- Genre: Comedy
- Created by: Michael Schur Amy Poehler
- Based on: Excavations by Kate Myers
- Starring: Amy Poehler Geraldine Viswanathan Fina Strazza Antonia Thomas Hugh Laurie
- Country of origin: United States
- Original language: English

Production
- Executive producers: Michael Schur Amy Poehler J. J. Philbin Morgan Sackett Dave Becky David Miner Sharon Jackson Kate Arend Jordan Grief Kate Myers
- Production companies: Fremulon; Paper Kite Productions; Ocean Avenue; 3 Arts Entertainment; Universal Television;

Original release
- Network: Peacock

= Dig (2026 TV series) =

Upcoming American comedy series

Dig is an upcoming television comedy series created by Michael Schur and Amy Poehler. The series is based on the 2023 novel Excavations by Kate Myers. Myers is also an executive producer on the show.

== Premise ==
Four archaeologists are working at an excavation site in Greece when they discover a secret that puts them in the midst of an international conspiracy.

== Cast ==
===Main===
- Amy Poehler as Elise
- Geraldine Viswanathan as Dylan, who after a five-year absence, returns to the dig in Greece on a whim to take care of some unfinished business.
- Fina Strazza as Patty, the undergraduate assistant to Laurie’s Neville, a British professor who sincerely loves archaeology. Patty is in way over her head and the dig represents the first time she has ever been outside of the U.S.
- Antonia Thomas as Clare, who oversees the dig site’s lab/museum as head preservationist. She’s most comfortable in a world of privilege and is slightly off-foot in the casual cargo-clad world of the dig.
- Hugh Laurie as Neville, a British professor who sincerely loves archaeology and strives to uphold the traditions of this venerable profession. He fancies himself an inspiring mentor to everyone who works at the site.
===Guest===
- Kayvan Novak
- Jon Pointing
- Bonita Friedericy

== Production ==
In May 2025, Peacock announced that Schur and Poehler would be creating a new comedy series for the streaming service based on Myers's novel. Poehler would also star. It was the pair's first collaboration since the 2009 television series Parks and Recreation, which Schur created and Poehler starred in. J.J. Philbin, a screenwriter and Schur's wife, was announced as an executive producer and writer.

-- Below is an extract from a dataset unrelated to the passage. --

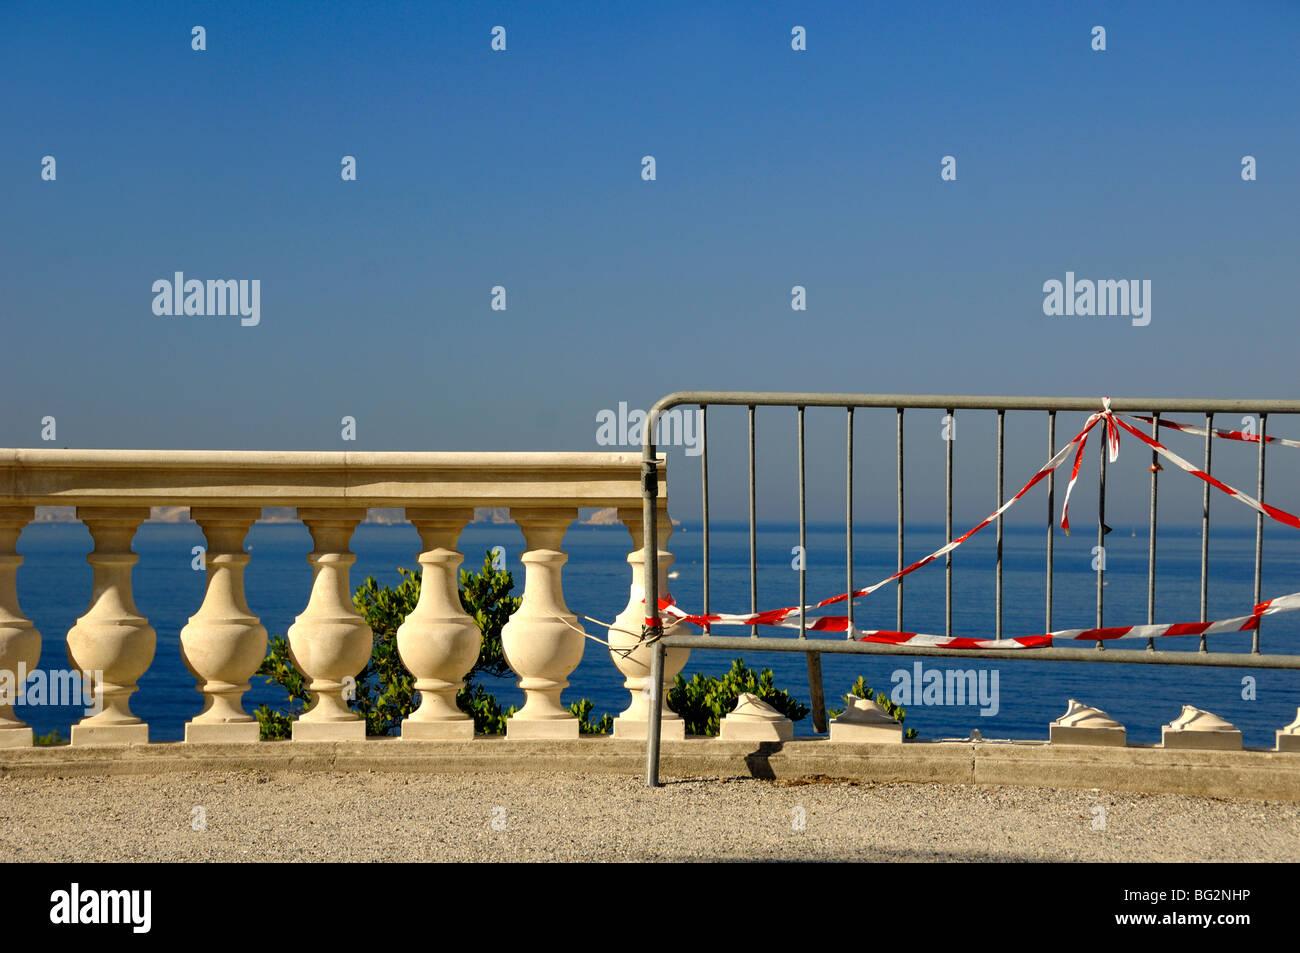 Gebrochen Balustrade mit Schutzbarriere & Warnung Band mit Blick auf Mittelmeer, Valmer Garten & Villa, Stockbild

In December 2025, it was announced that Hugh Laurie and Geraldine Viswanathan had joined the cast alongside Poehler, later joined by Fina Strazza and Antonia Thomas to round out the main cast.

In August 2026, the series' guest stars were announced including, Kayvan Novak, Jon Pointing and Bonita Friedericy.

Filming began on January 12, 2026 and wrapped on May 7, 2026. It films at Universal Studios Hollywood.

== Release ==
The show is scheduled be released on Peacock on November 23, 2026.